Since the methods correspond to function names, they will tab-autocomplete when
inputting them. For more information on a specific method, please see the respective docstring (e.g. ?Loiselle
).
Method | Type | Method Call |
---|---|---|
Blouin 1996 | moments-based | Blouin |
Li & Horvitz 1953 | moments-based | LiHorvitz |
Loiselle 1995 | moments-based | Loiselle |
Lynch 1988 | moments-based | Lynch |
Lynch/Li 1993 | moments-based | LynchLi |
Lynch & Ritland 1999 | moments-based | LynchRitland |
Moran 1950 | moments-based | Moran |
Queller & Goodnight 1989 | moments-based | QuellerGoodnight |
Ritland 1996 | moments-based | Ritland |
Milligan 2003 "DyadML" | maximum-likelihood | incomplete* |
Wang 2002 | moments-based | incomplete* |
Contact us or submit a pull request if you're interested in contributing to the kinship methods.
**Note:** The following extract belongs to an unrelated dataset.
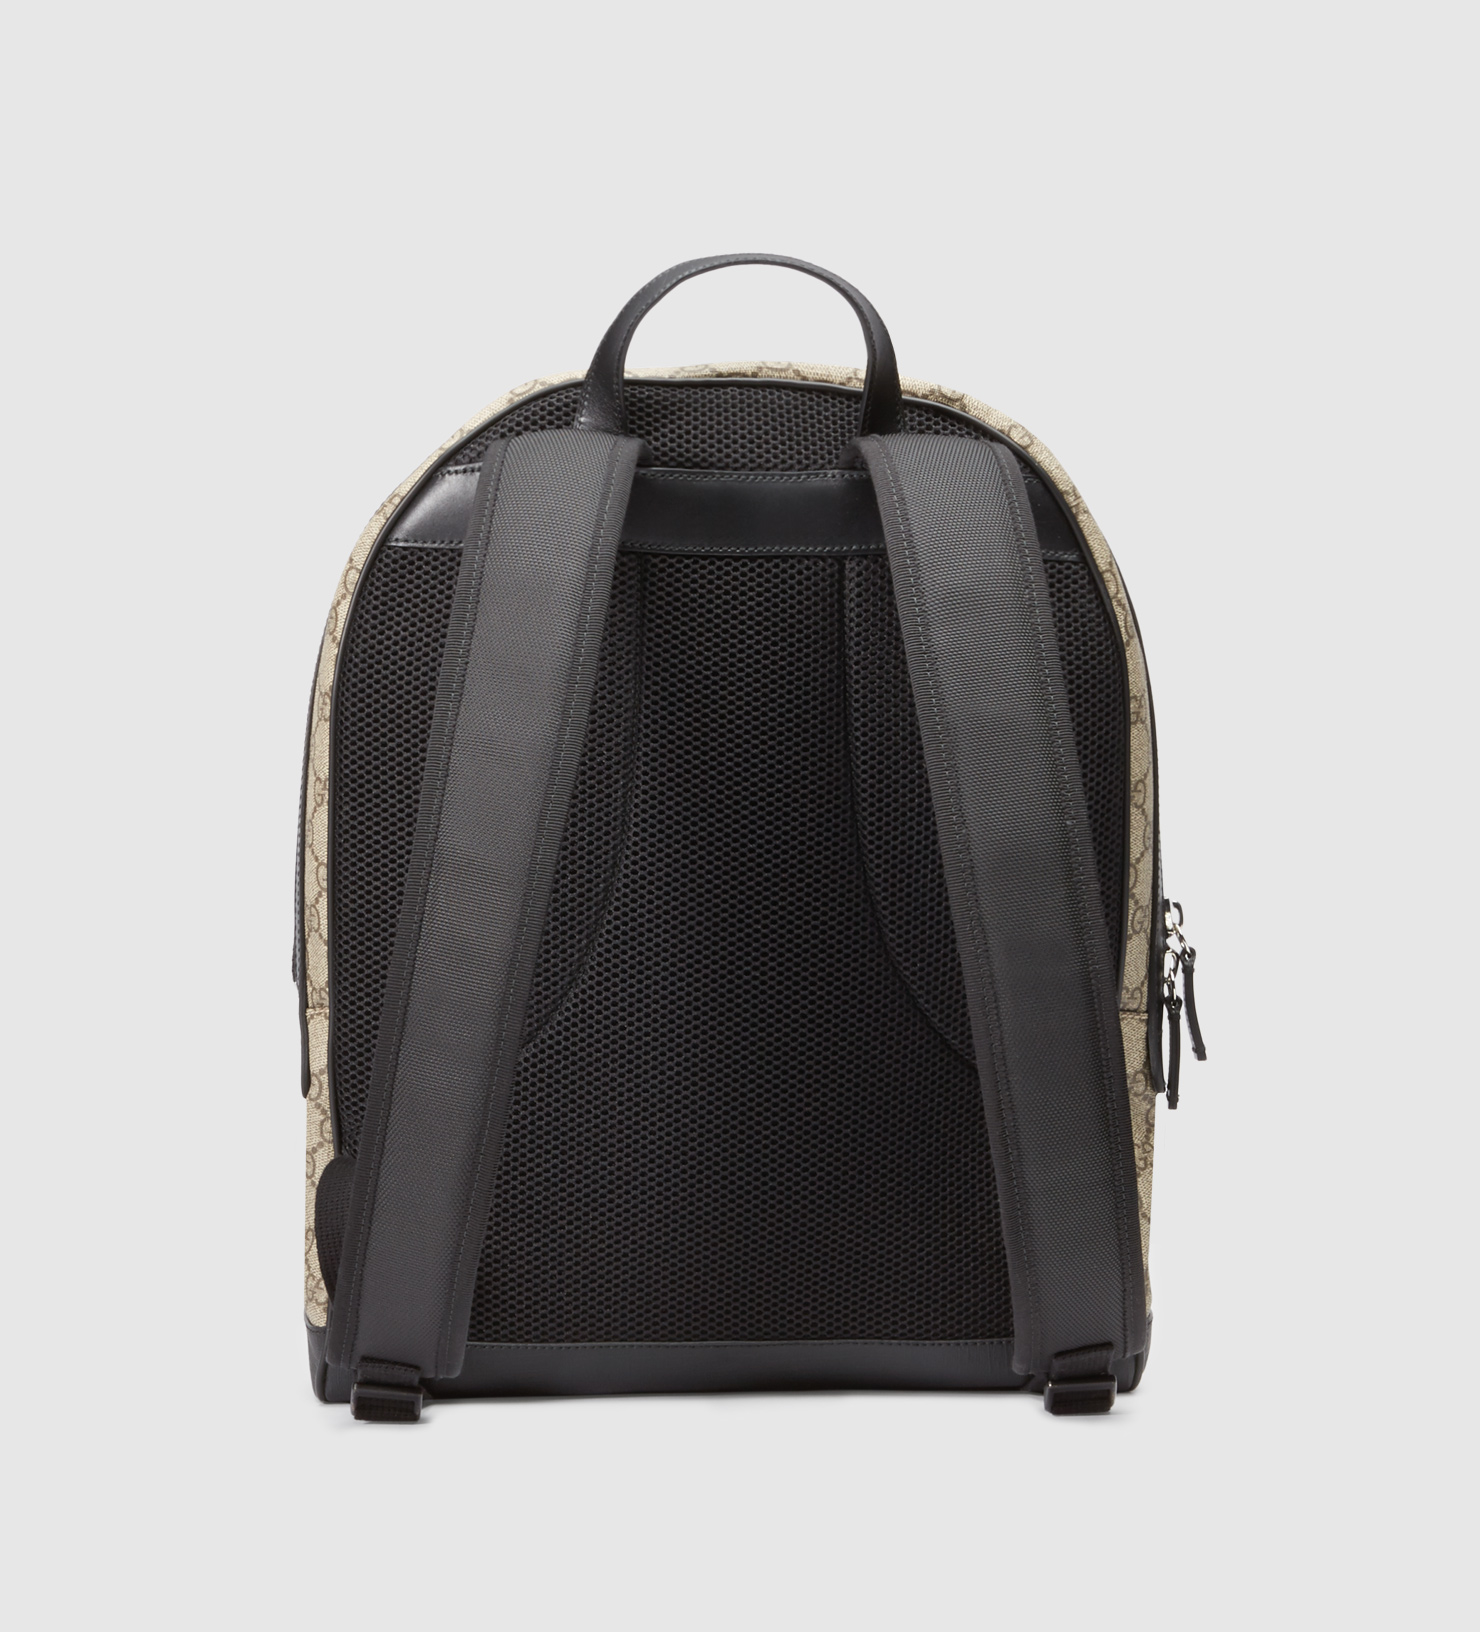 Lyst - Gucci Gg Supreme Backpack in Black for Men

DyadML and Wang (2002) estimators are currently incomplete and the others could use some optimizations. More help is always welcomed! Our wishlist also includes the KING method 😄
Posthoc analyses
There are several different kinds of things you can do with kinship information (e.g. network analysis), and one that's provided is lovingly
called kinshipposthoc()
, which performs a permutation analysis to
test if within-population relatedness is significantly greater than between-population relatedness for each population. We recommend that you
correct for multiple testing using MultipleTesting.jl
.
kinshipposthoc(data::PopData, results::Union{DataFrame, NamedTuple}; iterations::Int)
Arguments
data
: A PopData objectresults
: the DataFrame or NamedTuple results fromkinship()
Keyword Arguments
iterations
: number of iterations for the permutation tests (default:20000
)
We admit "kinshipposthoc" is not a great name for this function. Please contact us with better ideas! 😁
Example
julia> cats = @nancycats ;
julia> rel_out = kinship(cats, method = [Ritland, Moran], iterations = 100);
julia> kinshipposthoc(cats, rel_out)
17x3 DataFrame
Row │ population Ritland_P Moran_P
│ String Float64 Float64
─────┼────────────────────────────────
1 │ 1 5.0e-5 5.0e-5
2 │ 2 5.0e-5 5.0e-5
3 │ 3 5.0e-5 5.0e-5
4 │ 4 5.0e-5 5.0e-5
5 │ 5 5.0e-5 5.0e-5
6 │ 6 5.0e-5 5.0e-5
7 │ 7 5.0e-5 5.0e-5
8 │ 8 5.0e-5 5.0e-5
9 │ 9 5.0e-5 5.0e-5
10 │ 10 5.0e-5 5.0e-5
11 │ 11 5.0e-5 5.0e-5
12 │ 12 5.0e-5 5.0e-5
13 │ 13 5.0e-5 5.0e-5
14 │ 14 5.0e-5 5.0e-5
15 │ 15 5.0e-5 5.0e-5
16 │ 16 5.0e-5 5.0e-5
17 │ 17 5.0e-5 5.0e-5
Acknowledgements
The kinship methods were dutifully written and verified against R analogues by Jason Selwyn. They have since been rewritten twice for speed and memory optimization (14mb vs 14gb!). These anaylses can take a while, especially if performing bootstrapping; we provide a progress bar via Term.jl so you can move on and focus on other things in the meantime.